Adelaide and Barossa Valley

Adelaide and Barossa Valley

Adelaide has been a pleasant town to relax for a few days. Its population is just a little over a million, so it doesn’t have the hustle and bustle of a big city. We walked along the banks of the Torrens River that separates the main part of the city to the south from North Adelaide.

We also toured the Barossa Valley an hour outside of town. It is the world famous wine growing region in Australia, and we couldn’t miss visiting the area being so close to the city. Touring wineries these days with a two year old is pretty much out of the question, but we at least had a nice lunch in the area.

Our main goal in Adelaide was to regroup for the next leg of our trip. Flights needed to be booked, along with hotels and car rentals. Without the distractions of a major city, but still having good facilities, Adelaide was perfect as a launching point. The usual shopping malls and large office buildings exist, but the outback is never far away. I felt this town was the last major place before vast plains of desert and scrub brush existed in three directions.

The plan is to spend the next 6 weeks traveling by air to the destinations too far to drive. Adelaide to Alice Springs is almost 1000 miles, and it’s over 2000 miles west to Perth. I would drive these distances if there was something to see in between, but keeping a two year old occupied, let alone two adults for all those miles is better left to jet travel. From Perth, the plan is to fly to New Zealand for three weeks and eventually return to Adelaide at the end of March to pick up the Falcon and head back to Melbourne for the GP. It sounds pretty complicated, but I’m making this all up as we go along!
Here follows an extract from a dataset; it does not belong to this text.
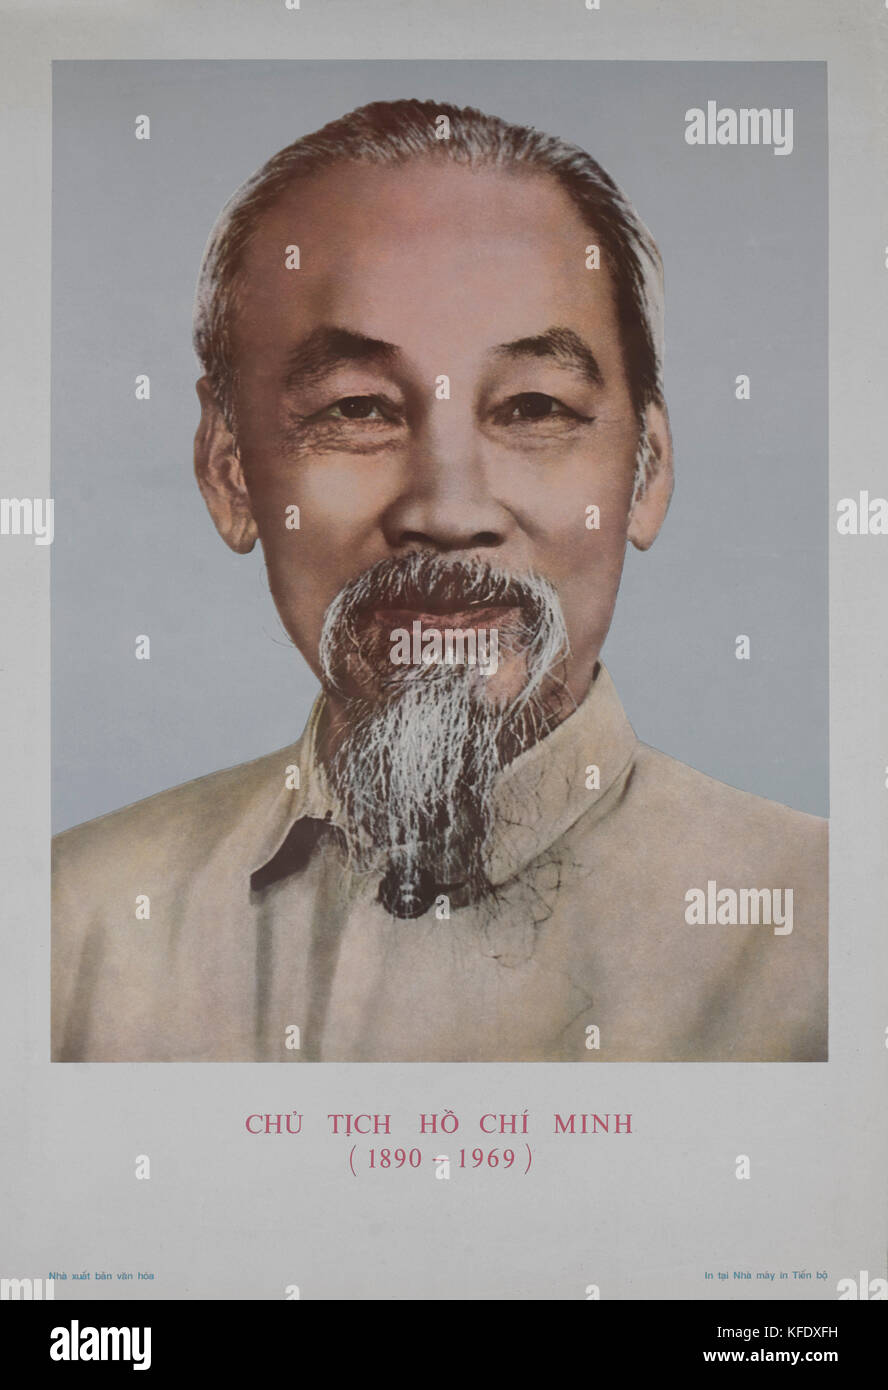 Ho chi minh (1890-1969), leader nationaliste vietnamien, portrait Banque D'Images

Tomorrow, we leave for the “Red Center” in the Northern Territory. The main attraction is Uluru, or the White Australian name of Ayers Rock. It is the largest monolith in the world and it is literally in the middle of nowhere. It seems absurd that we are flying 2 hours and then driving for another 5 hours to see a large rock, but half a million people do it every year. I’m hoping they all weren’t be misled! I don’t know when I’ll have internet access again, but I’ll speak to you all soon!